Define the elementary symmetric polynomials
$$\sigma_1= a_1 + a_2 \dotsb a_{2^n-1}$$
$$\sigma_2= \sum_i\sum_{j>i} a_ia_j = a_1 a_2 + a_1 a_3 \dotsb$$
etc
These polynomials can be expressed as polynomials in $x_1,x_2\dotsb x_n$ instead, and laboriously obtained by substituting. For n = 2:
$$\sigma_1 = 2(x_1+x_2)$$
$$\sigma_2 = x_1 x_2(x_1+x_2)$$
For n=3:
$$\sigma_1 = 4(x_1 + x_2 + x_3)$$
$$\sigma_2 = 6(x_1 + x_2 + x_3)^2+2(x_1x_2+x_1x_3+x_2x_3)$$
$$\sigma_3 = 4(x_1+x_2+x_3)^3+6(x_1+x_2+x_3)(x_1x_2+x_1x_3+x_2x_3)$$
$$\sigma_7 = x_1x_2x_3 (x_1+x_2+x_3)((x_1+x_2+x_3)(x_1x_2+x_1x_3+x_2x_3)-x_1x_2x_3)$$
I'm not going to actually use $\sigma_3$ but it might come in handy for some other calculations.

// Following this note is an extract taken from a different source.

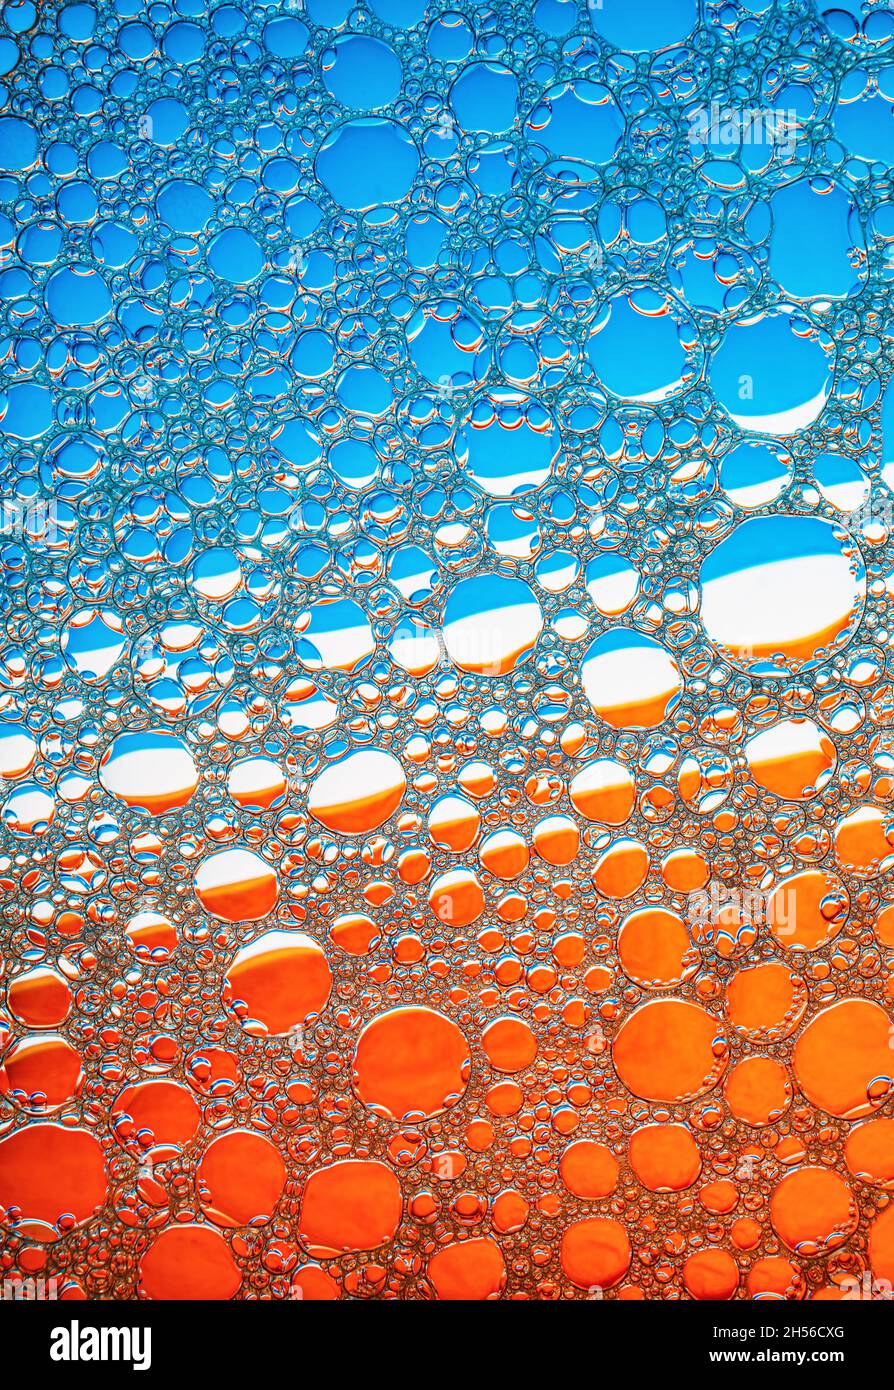 Những bong bóng xanh cam nhẹ nhàng trôi lơ lửng trên nền nước mát làm cho hình ảnh trở nên đầy màu sắc và rực rỡ. Hãy xem hình ảnh này để cảm nhận sự thanh thản và yên bình mà nó mang lại.

These are tiresome to find, so I didn't compute the other ones.
Since $\sigma_i$ is expressed as a function of the numbers we have, we can compute those and use them to find the elementary symmetric polynomials of $(x_1,x_2\dotsb x_n)$, so let $x_1 + x_2 + x_3 = a$, $x_1x_2+x_1x_3+x_2x_3 = b$ and $x_1x_2x_3 = c$, then solving this system is equivalent to finding the roots of $t^3-at^2+bt-c=0$, which can hopefully be found with the rational root test.
In your example, $\sigma_1=0$, $\sigma_2=-14$, $\sigma_7=0$, then $$x_1+x_2+x_3=0$$ $$x_1x_2+x_1x_3+x_2x_3=-7$$ $$x_1x_2x_3= ?$$ This is a degenerate case because $\sigma_1 = 0$, but the two valid solutions can be found by examining the subsets with sum 0. Also this leads to insight on the uniqueness of the solutions, if $\sigma_1\not=0$ then all of $x_1 + x_2 + x_3$, $x_1x_2+x_1x_3+x_2x_3$, $x_1x_2x_3$ are uniquely determined which wields a single solution up to permutation.
For larger n expressing $\sigma_1,\sigma_2\dotsb\sigma_n$ as a function of $x_1,x_2\dotsb x_n$ gets much more complex, but disregarding that the problem can be probably solved the same way.